For 24 pages this was an amazingly quick read for me.  I really enjoyed the very sadistic, but entertaining ending, which probably makes me a horrible person, but that's how I write as well.

All the typos I noticed were mentioned in other people's comments so I wont bother with those.

The main aspect I didn't like about this script, which others have already mentioned, is it is too blunt.  I agree with Phil that it should be cut down to about 15pgs or less and I also think this may help add a little more "suspense" I guess (I don't think that's the best word for it though).

This definately was a script for me, as I strongly dislike cats, so excellent work.

Pat
Posted by: Death Monkey, April 5th, 2007, 4:13am; Reply: 17
Hi Sean,

I read this 'cause I don't think I've read any of your stuff before, but I think now I will.

This was a very cute little story with hillarious ending. I was outright chuckling at some points while reading, which doesn't happen a lot for me. The ending was perfect.

Like others have mentioned, there's too much description, and generally I feel it's probably a bit too long for its own good. I think you could've reached a satisfying end-point within 15-20 pages.

The premise is great, I think, but you juggle a lot of sub-plots, introducing characters like Kat, Debbie and what's-his-face (sorry can't remember, Debbie's husband). Perhaps cut the dinner scene shorter, or leave it out completely. Him trying to eat a mouse is a bit too obvious and OTT, and the scene is merely there to further the notion of Bishop wanting to eat cat-food.

Instead you could have him fill his refrigerator with cans of tuna, salmon and the likes, eating the stuff out of a can. Or have him set up mice-traps. You could convey the same information in about a third of the space, and without introducing superfluous characters to a simply story.

But I quite liked your story and I think you've got some real talent in you, especially for someone so young. Next up for me would be your zombie-stuff, I'm a sucker for that stuff. :)

By the way I also caught some of your Final Destination voice-over work on youtube. That's some pretty funny stuff!
Posted by: Zombie Sean, April 5th, 2007, 9:14am; Reply: 18
BrandNew: thanks for reading. (Sorry I couldn't get to your comment earlier). I've realized my mistake of having too much dialogue and I've finally been able to cut down on it on some other scripts I've been working on.

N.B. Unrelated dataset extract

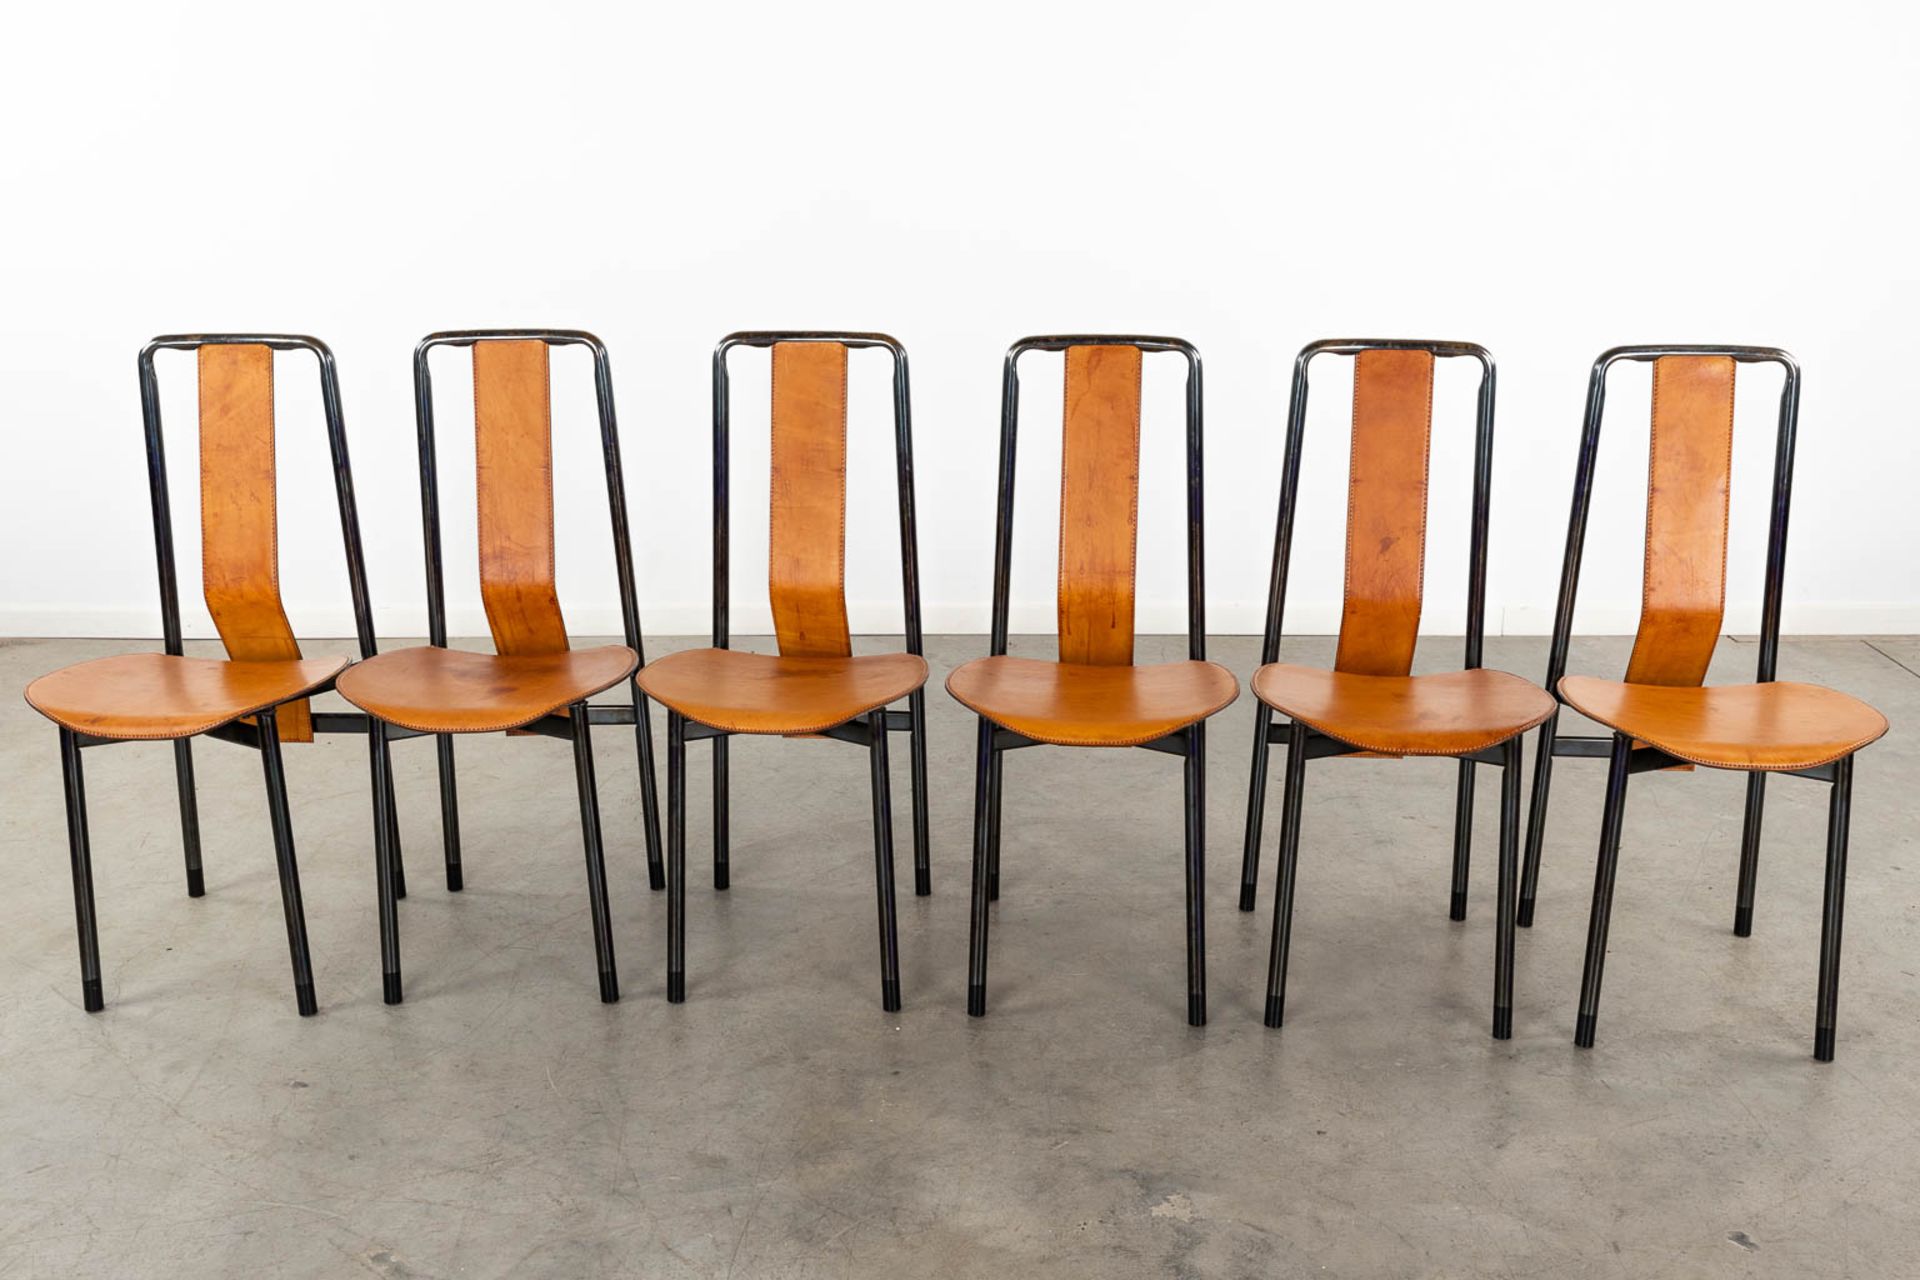 Achille CASTIGLIONI (1918-2002) 'Irma' for Zanotta, 6 chairs. (D:49 x W:40 x H:90 cm) - Image 3 of 17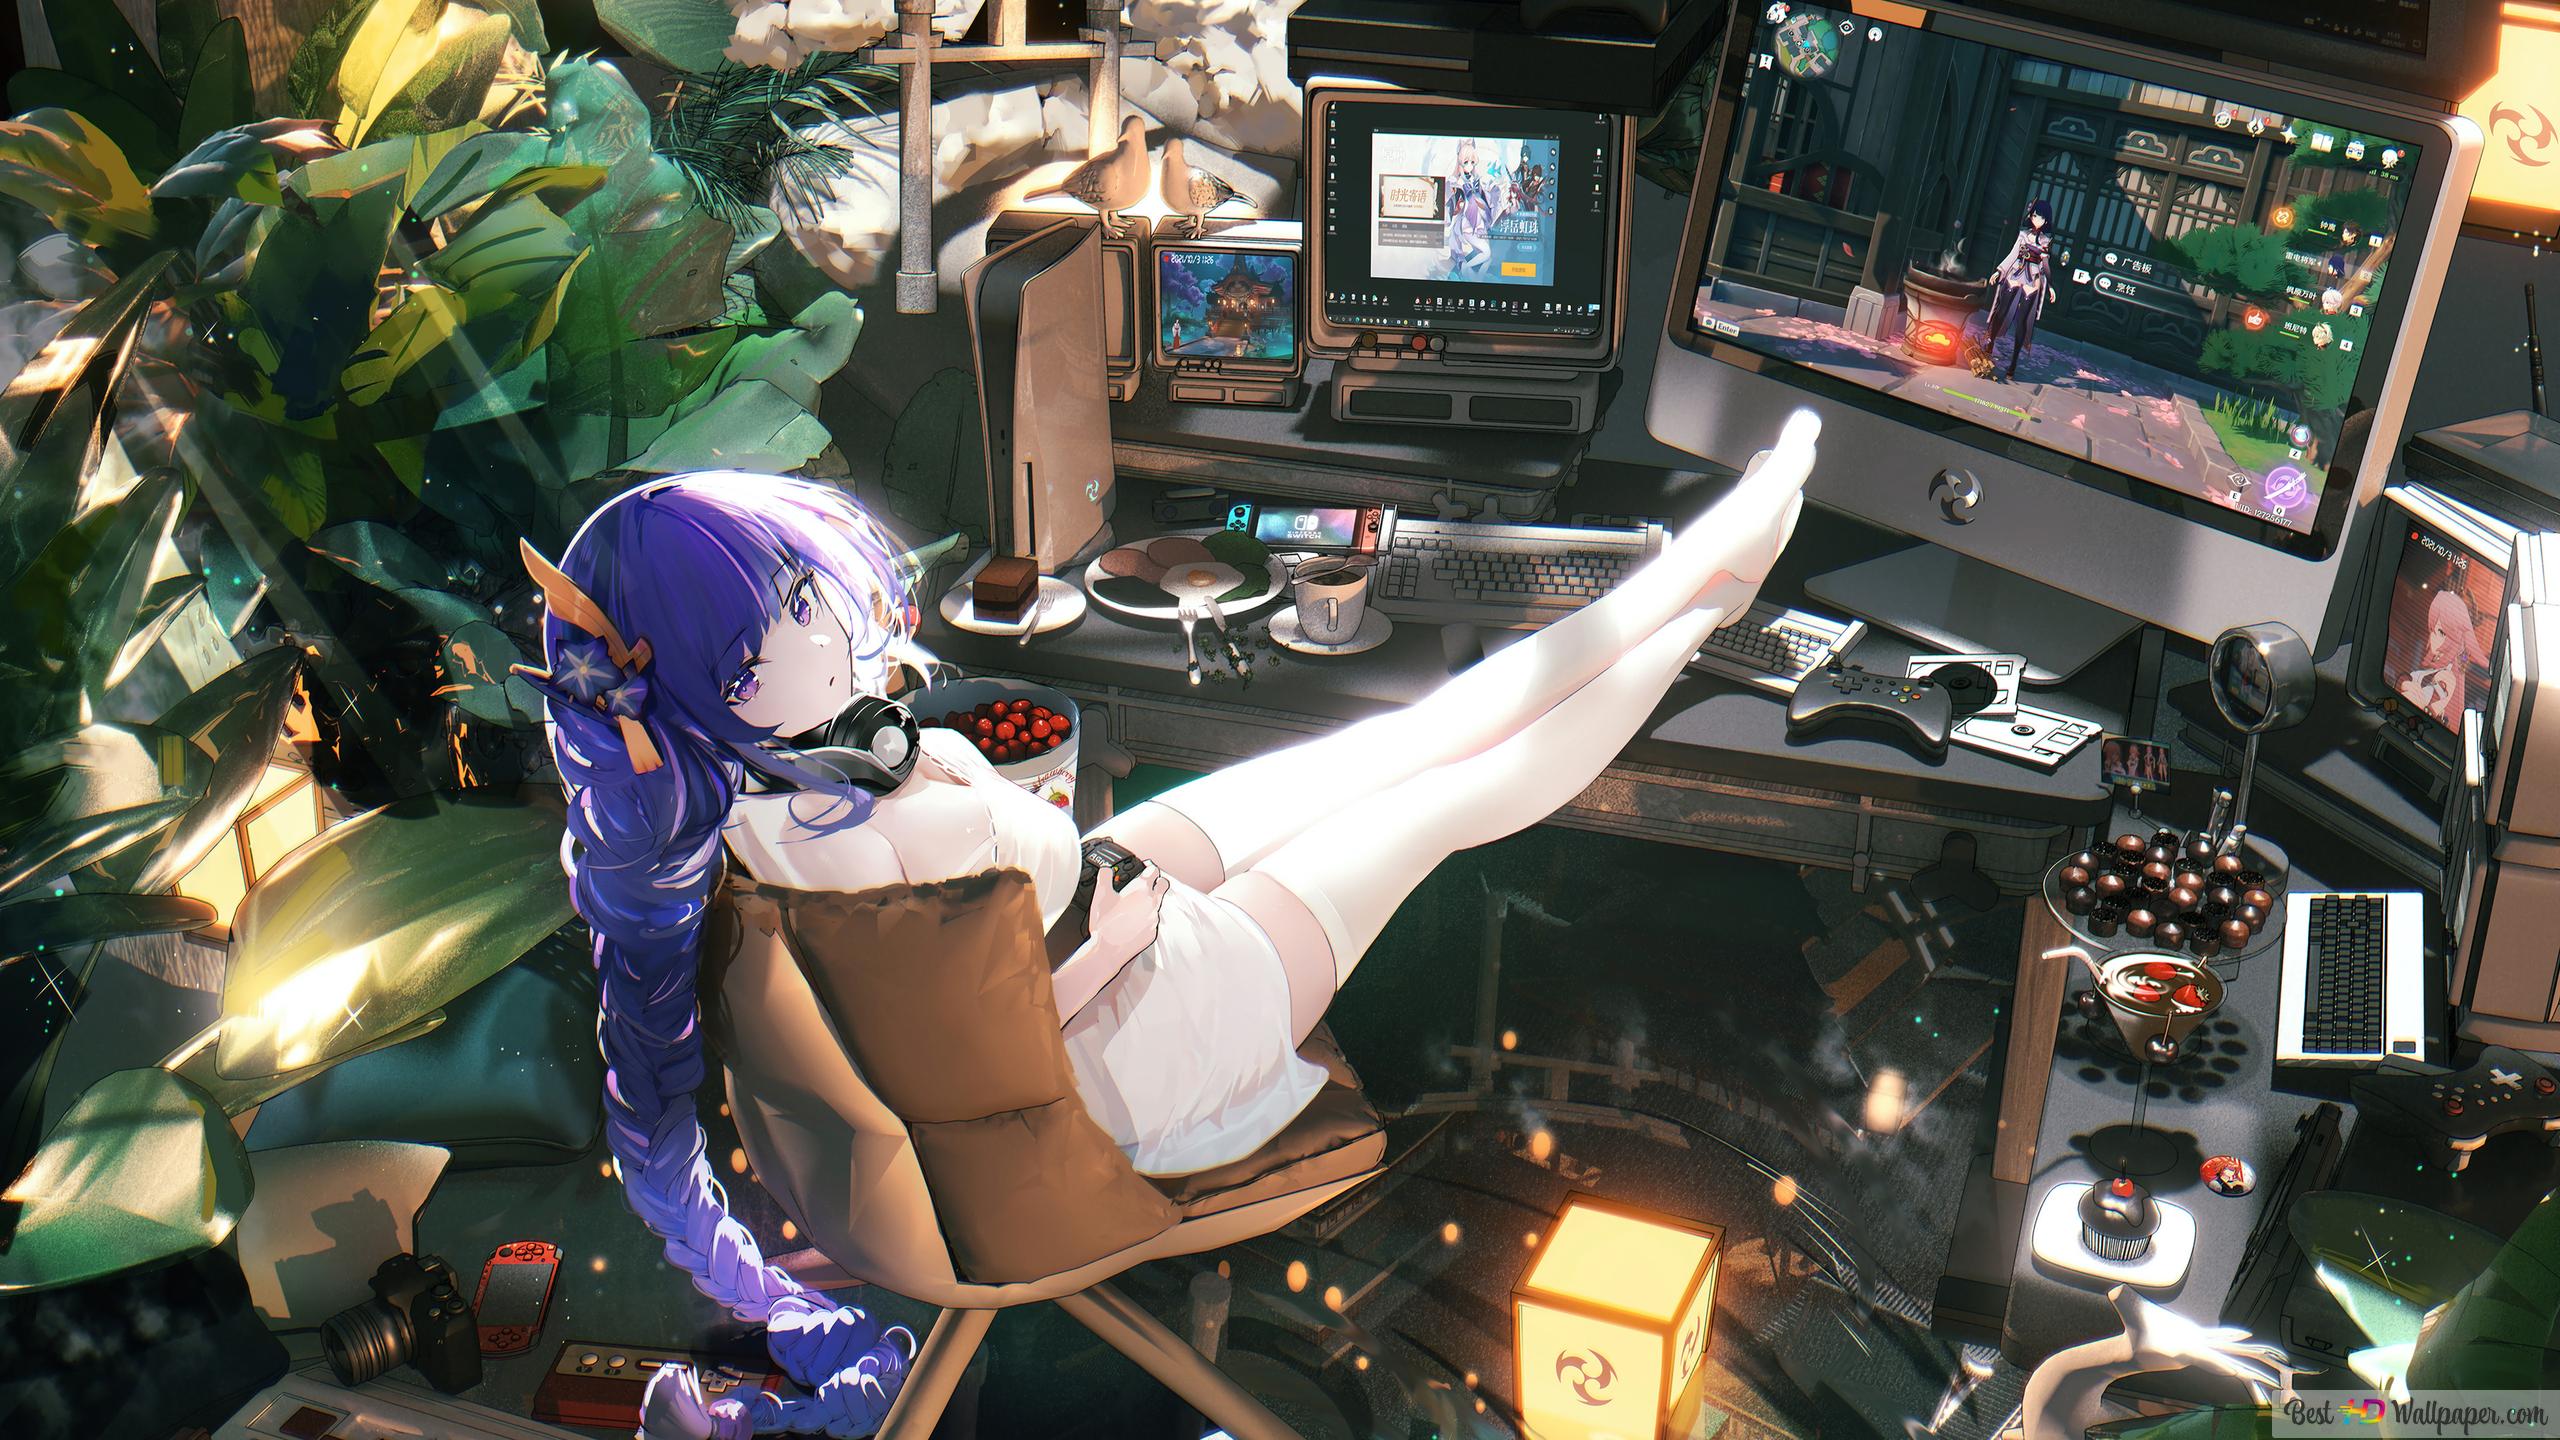 Gamer Anime Girl Desktop Setup 4K wallpaper download

Death Monkey: Descriptions: got 'em. What's OTT? Sorry, I'm not a big fan of acronyms, so I try and avoid using them (except for 'lol', I'm hooked on those). I like the idea of an amount of tuna fish cans in his fridge and mouse traps. It's funny. Thanks for the review.

Oh, and my Final Destination voice-overs...Heh, you can tell I have a lot of time on my hands. I should finish them up (I haven't done any in a while).

Sean
Posted by: Death Monkey, April 5th, 2007, 10:42am; Reply: 19
Oh sorry...

OTT = Over the top.

On the other hand I never use ROFLMAO and the likes, so I think I'm balancing my acronyms okay.

lol.
Posted by: bare_nerve (Guest), April 9th, 2007, 1:46am; Reply: 20
Great script! Very quick read and easy to visualize! The story was original and the main character was very well developed which is mostly hard for a lot of writers to do with shorts. I think that you could have probably improved on the wife. She was a little bland in my opinion, but still likeable. I also really liked Kat.